# Fiona kidded!



## logansmommy7 (Nov 11, 2009)

Our sweet girl Fiona (half Saanen/half Alpine) kidded today. We had hoped not to breed her until the spring, but oops!  Anyway, she had a healthy doeling today, sired by our Nigerian buck, Zambra. Her name is Clover! She is a darling, and I hope she will produce lots of milk for us-I'm thinking the combination of dairy breeds might just make a nice quality milk! So..here she is, CLOVER! Born this morning...she was a little big for her mama, but otherwise she had a nice delivery...


----------



## WalnutGroveFarm (Sep 27, 2008)

Awe she is so cute.
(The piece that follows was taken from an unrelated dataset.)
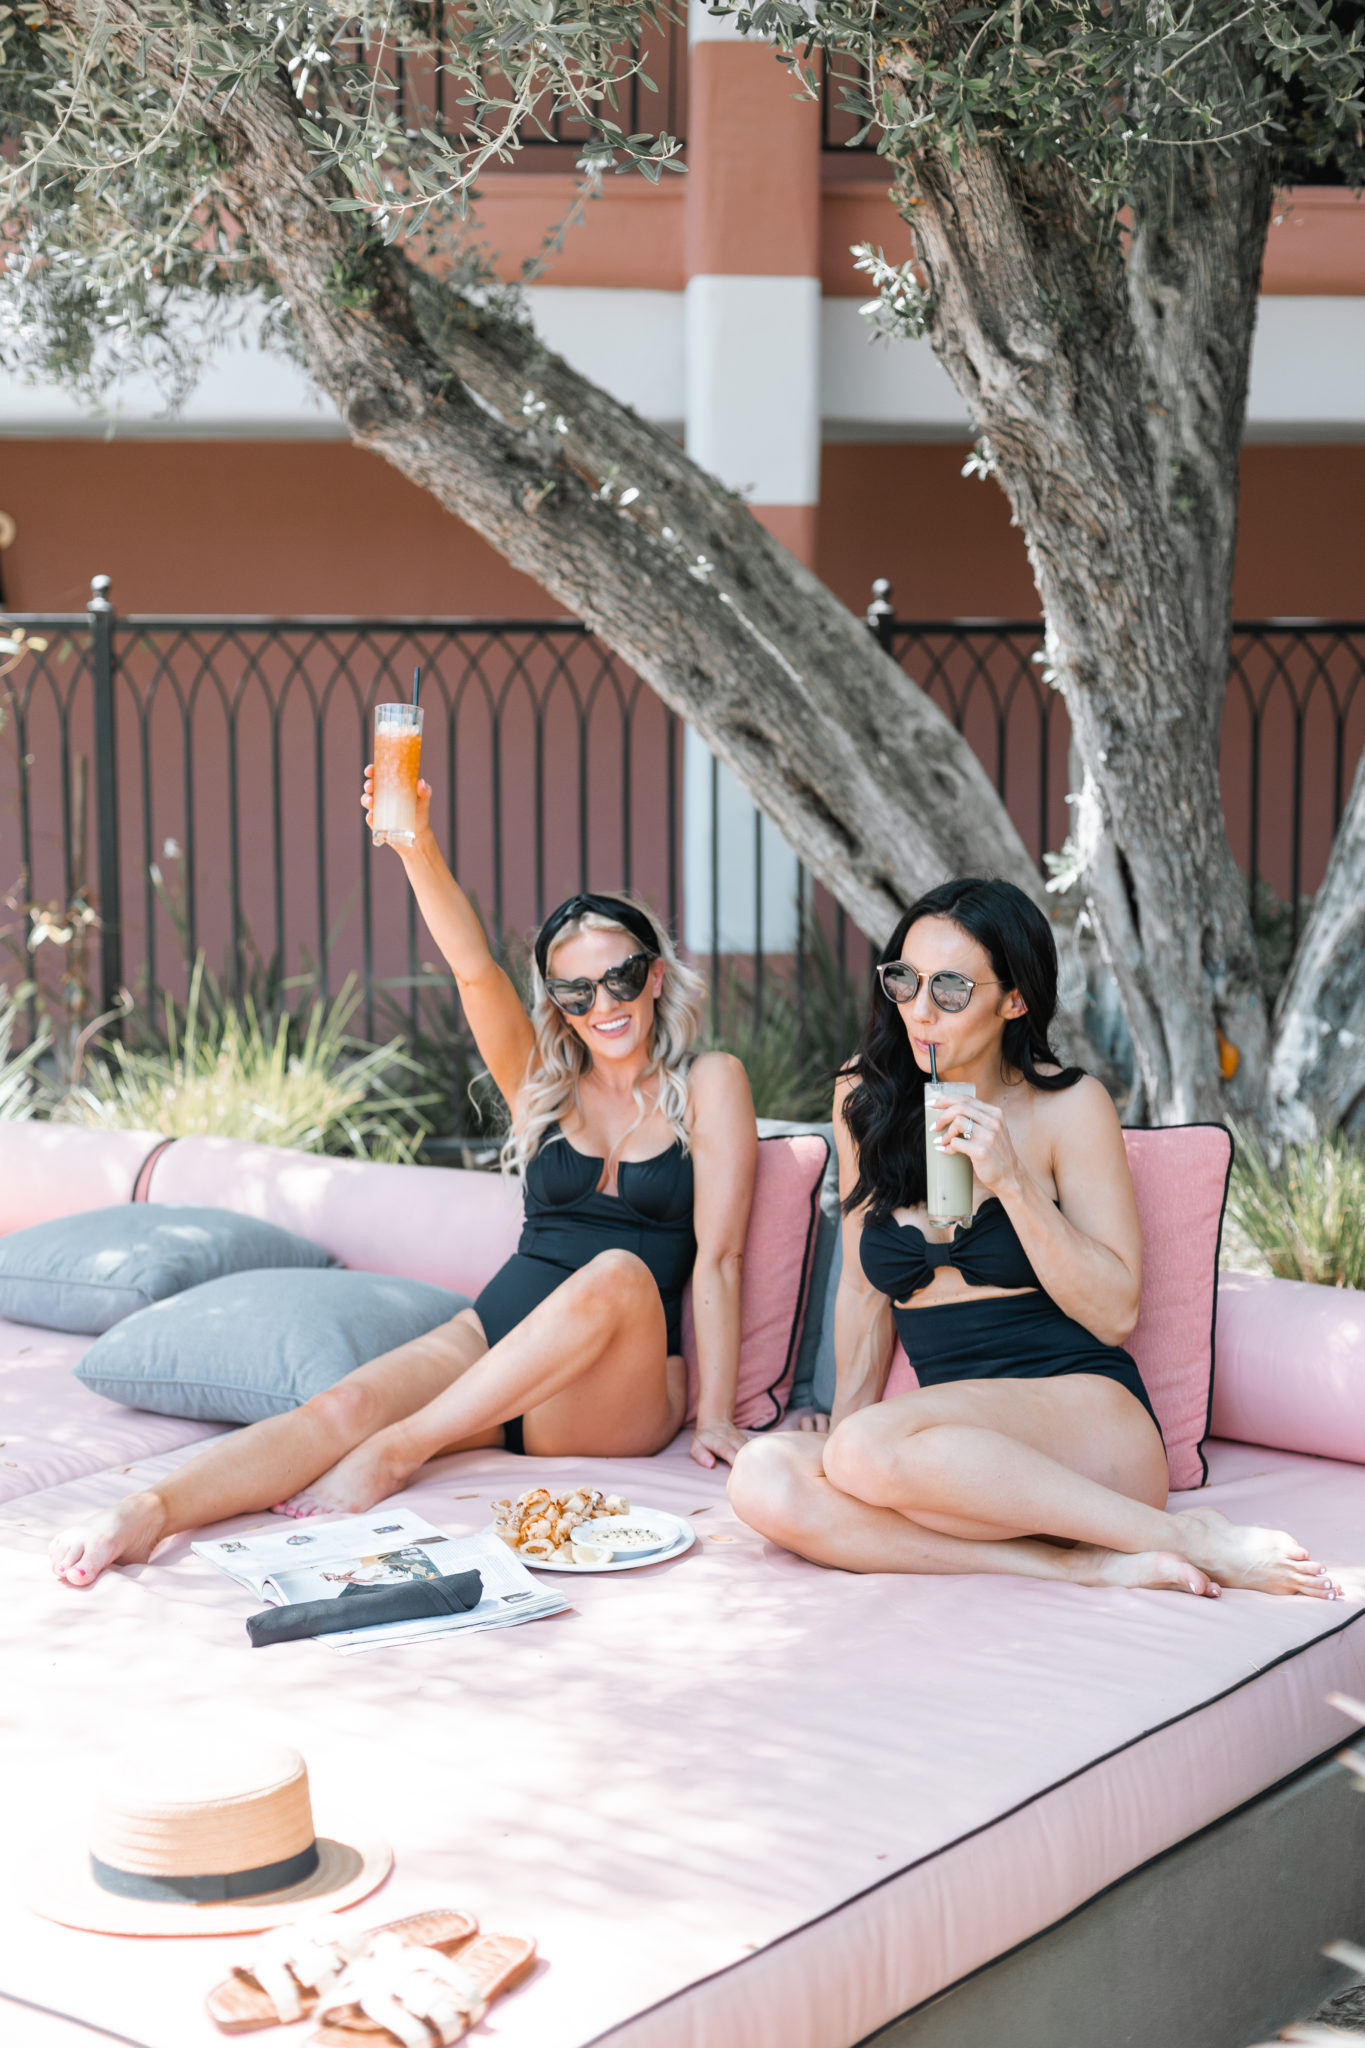 Shopbop Swimsuits roundup featured by top US fashion blog, Outfits and Outings: image of a woman wearing a black Marysia one piece swimsuit and Jimmy Choo aviator sunglasses

Congrats.


----------



## bleatinghearts (Feb 26, 2010)

She's A-D-O-R-A-B-L-E!


----------



## liz (Oct 5, 2007)

Awwww  Adorable baby girl!!! The little buck is cute too


----------



## mommaB (Oct 1, 2009)

awwwweee look at them!!!


----------



## kid'n'kaboodle (Mar 5, 2011)

Congrats. Very cute!


----------



## iddybit acres (Feb 18, 2011)

what a cutie =}


----------



## StaceyRosado (Oct 5, 2007)

Very sweet


----------



## naturalgoats (Jan 3, 2011)

super cute


----------



## toth boer goats (Jul 20, 2008)

Adorable ...congrats.... :thumb:


----------



## jglfainters (Jan 10, 2011)

She's very pretty. That little buck is adorable especially looking so tiny next to her, lol


----------